Consider the titration of a weak acid that has a pKa = 4.00. Suppose a chemist was going to perform a titration on 50.0 mL of 0.050 0 M of the weak acid using 0.500 M NaOH. (A) What would be the pH of the solution after 0.00 mL of 0.500 M NaOH has been added?(B) What would be the pH halfway to the equivalence point of the titration?(C) What would be the pH at the equivalence point in the titration? (D) What would be the pH of the solution after 6.00 mL of 0.500 M NaOH has been added?

Use the following reasoning when solving this problem.

Because at the equivalence point the moles of strong base (0.500 M NaOH) added as a titrant equal the moles of weak acid, HA (50.0 ml of 0.050 M) in the solution,  we can start by calculating the volume of 0.500 M NaOH needed to reach the equivalence point. To do this we simply equate the moles of HA to moles of NaOH by using the dilution formula. i.e. M_aV_a = M_bV_b where a represents HA and b represents NaOH. To calculate volume of NaOH needed to reach the equivalence point, V_b, we plug in the molarities for HA (M_a) and NaOH (M_b) and volume of HA (V_a) in the formula and solve for V_b.Use the obtained value of V_b to determine which point of the titration each of the 4 given volumes represents. You should find the value of Vb to be .... ml).

(a) 0.00 mL added NaOH, is the region before any titrant is added. pH is determined by the weak acid equilibrium constant equation (HA + H₂O ↔  H₃O⁺ + A^-).  Use the Ka expression to determine the pH.

(b) If V_b if greater than 2.5 mL added NaOH - This is the region beforethe equivalence point. HA is partially converted to A-, so we have a mixture of HA and A- (A buffer).
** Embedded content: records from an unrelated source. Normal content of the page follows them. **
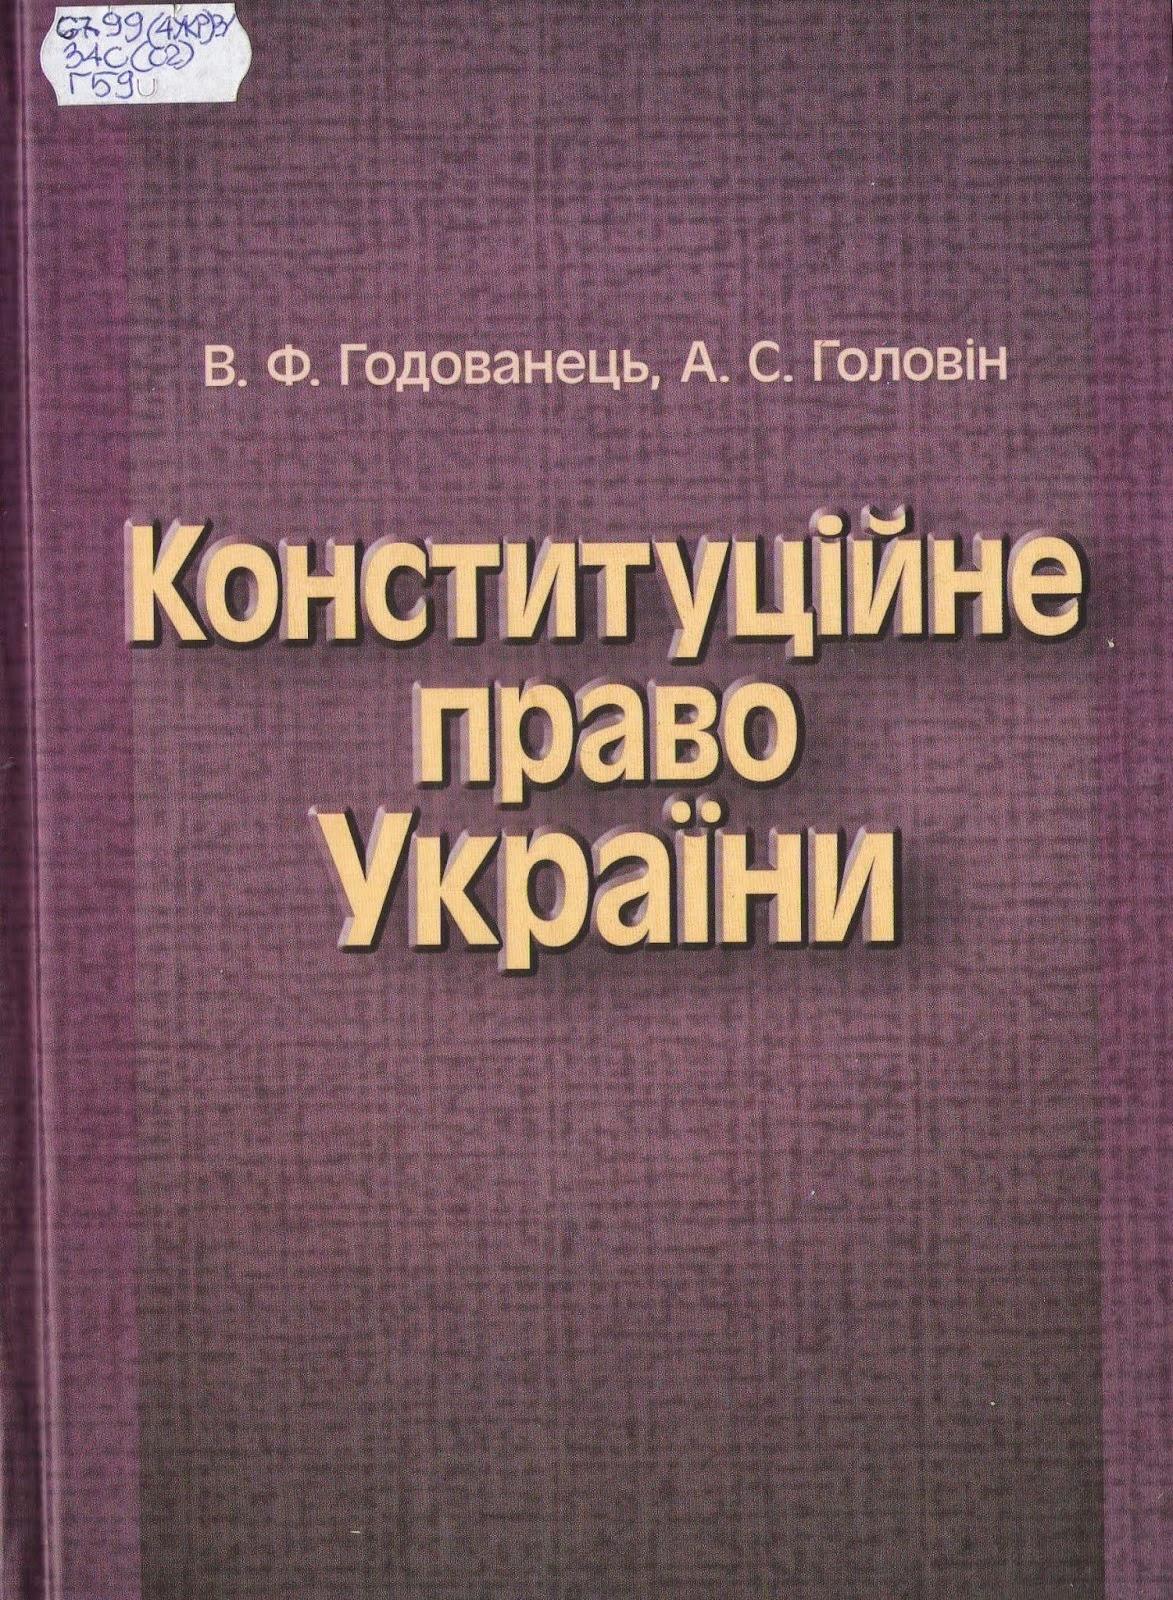 Конституційне право україни скачать книгу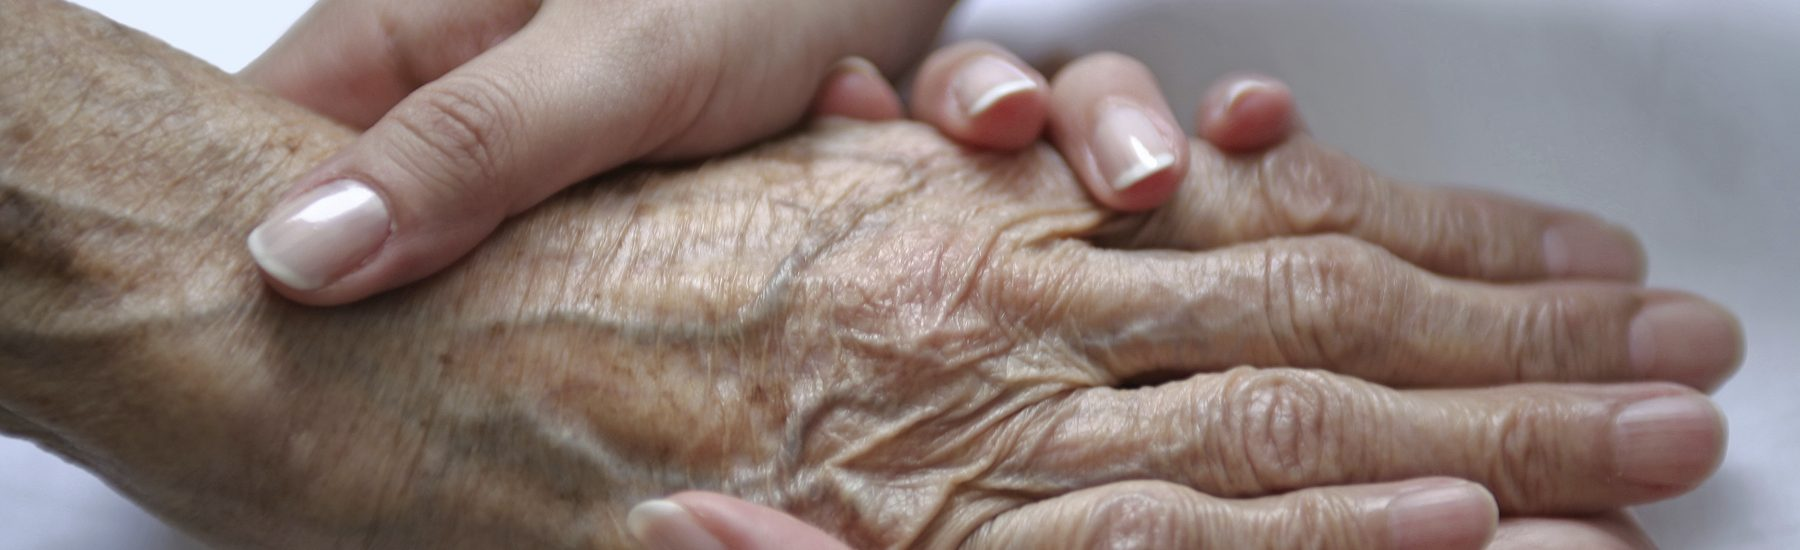 Cuidados Continuados e Cuidados Paliativos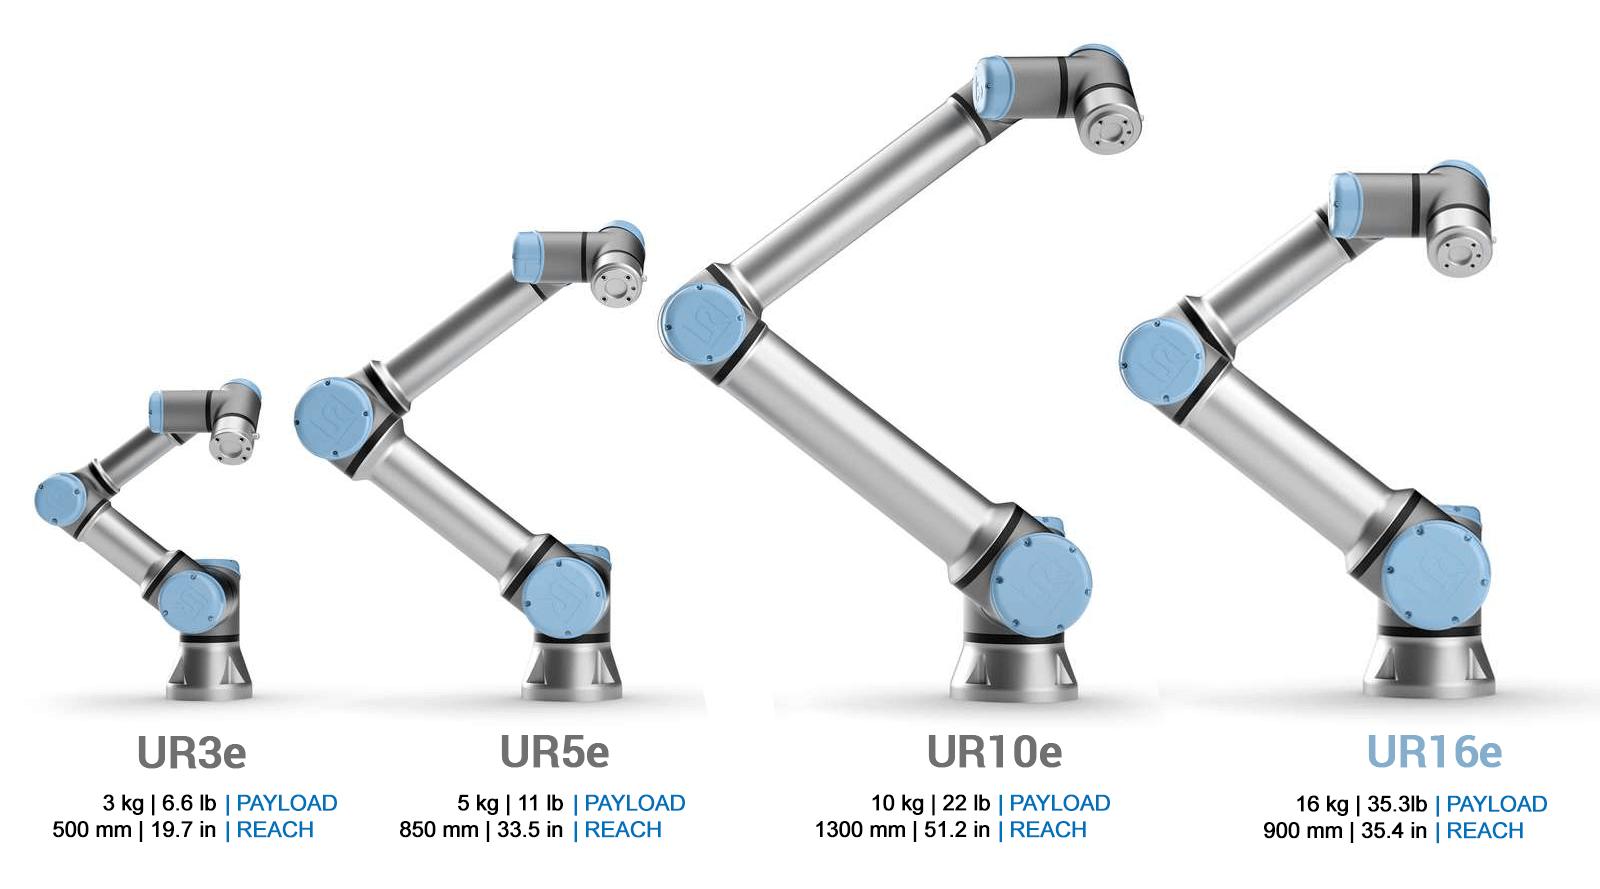 UR robot family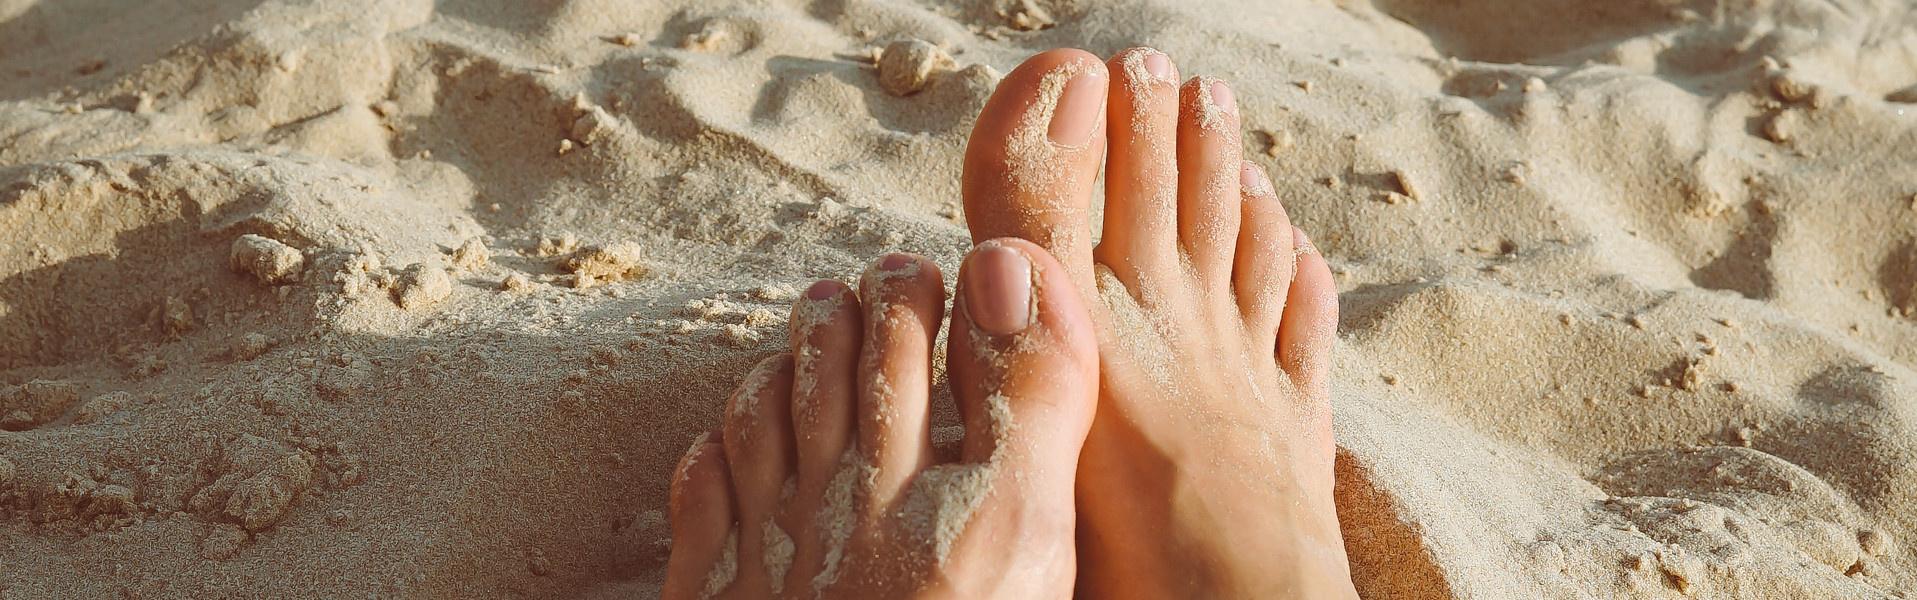 Posa els teus peus a punt per l'estiu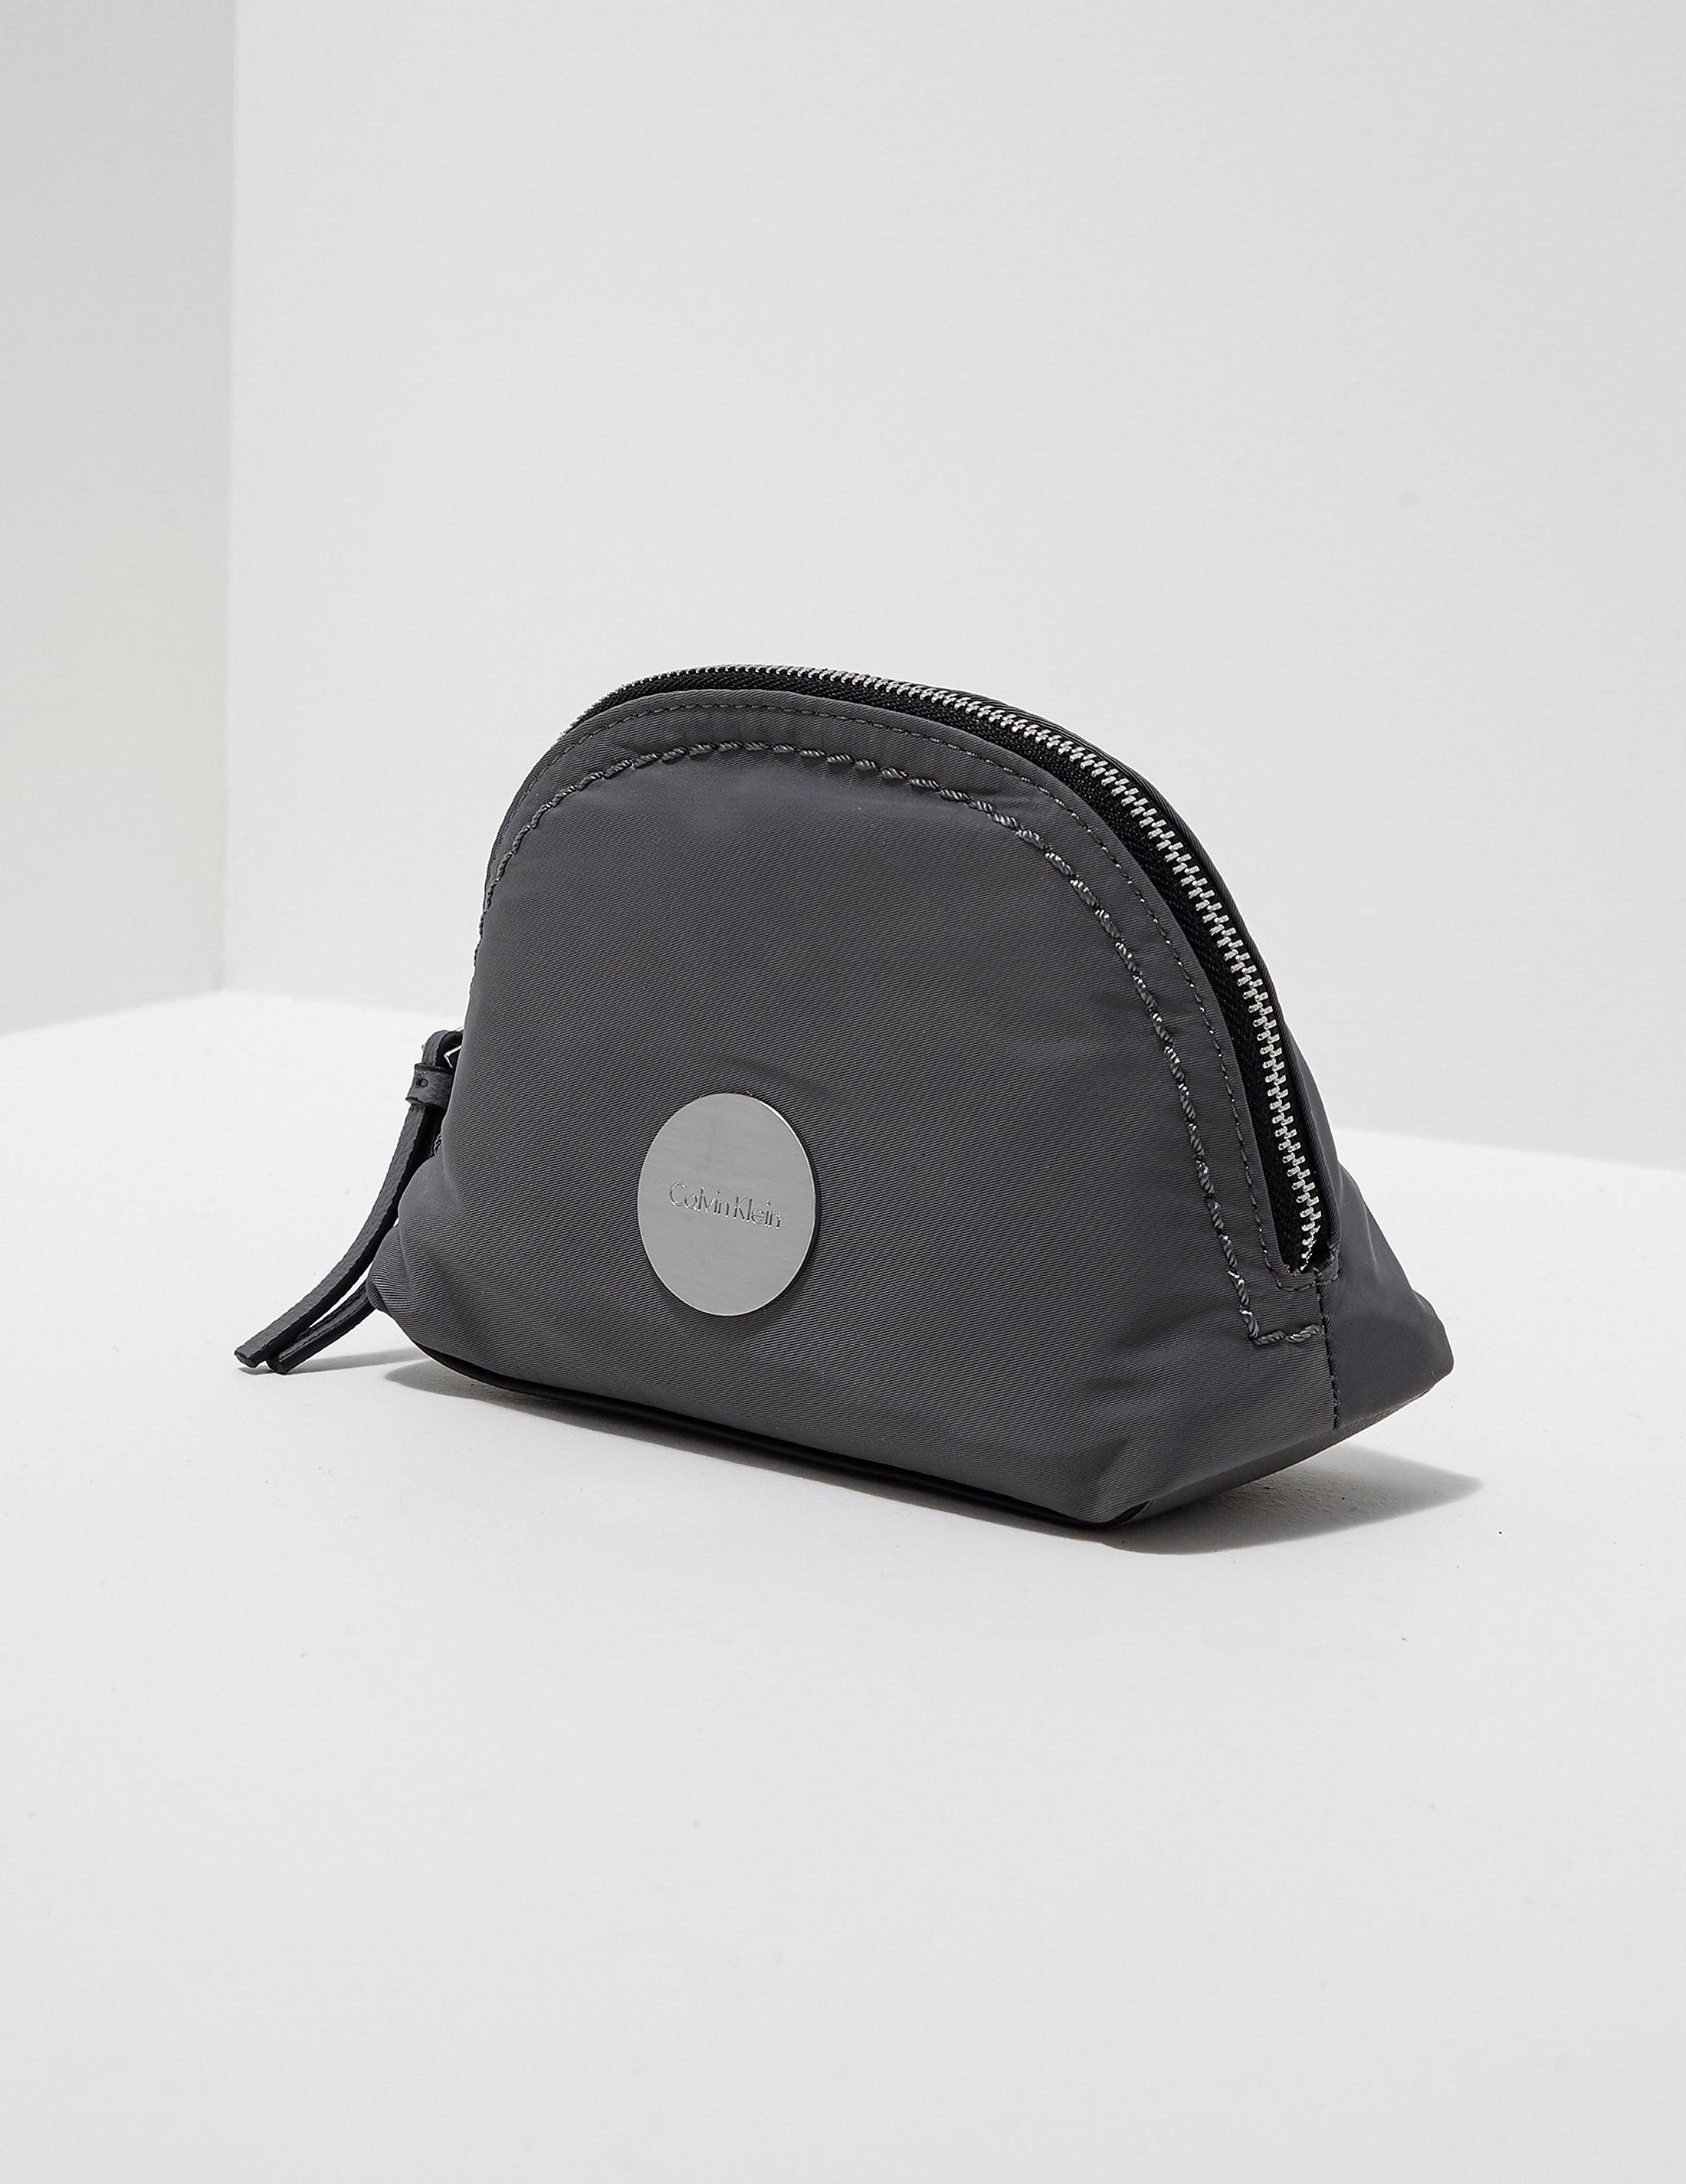 Calvin Klein Edith Cosmetic Bag

We use the Henderson-Hasselbalch Eq. to find pH. Subtract moles of added NaOH from initial moles of HA to calculate remaining moles of HA. The amount of conjugate base A- formed is equal to the moles of added NaOH.

(c) If V_b is equal to 5 mL added NaOH, The titration is at the equivalence point: “all” HA has been converted to A-, the conjugate weak base.  pH is determined from (A^- + H₂O ↔ HA + OH^-), so we have to use the Kb expression to determine the pH. The concentration of A- is based of the original concentration of HA times the dilution factor (initial volume/total volume).

(d) If 6 mL added NaOH is greater than V_b, This is the region after the equivalence point: All HA has been converted to A- and we have excess OH^- from the strong base. pH determined by excess OH^- since OH^- is a much stronger base than A-. Subtract moles of HA from moles of added NaOH to find moles of excess OH- and divide the obtained value of moles by the total volume of solution (50.0 mL + 6.00 mL = 56.00 mL = 0.056 L) to get the molarity of excess OH-, then the pOH and pH.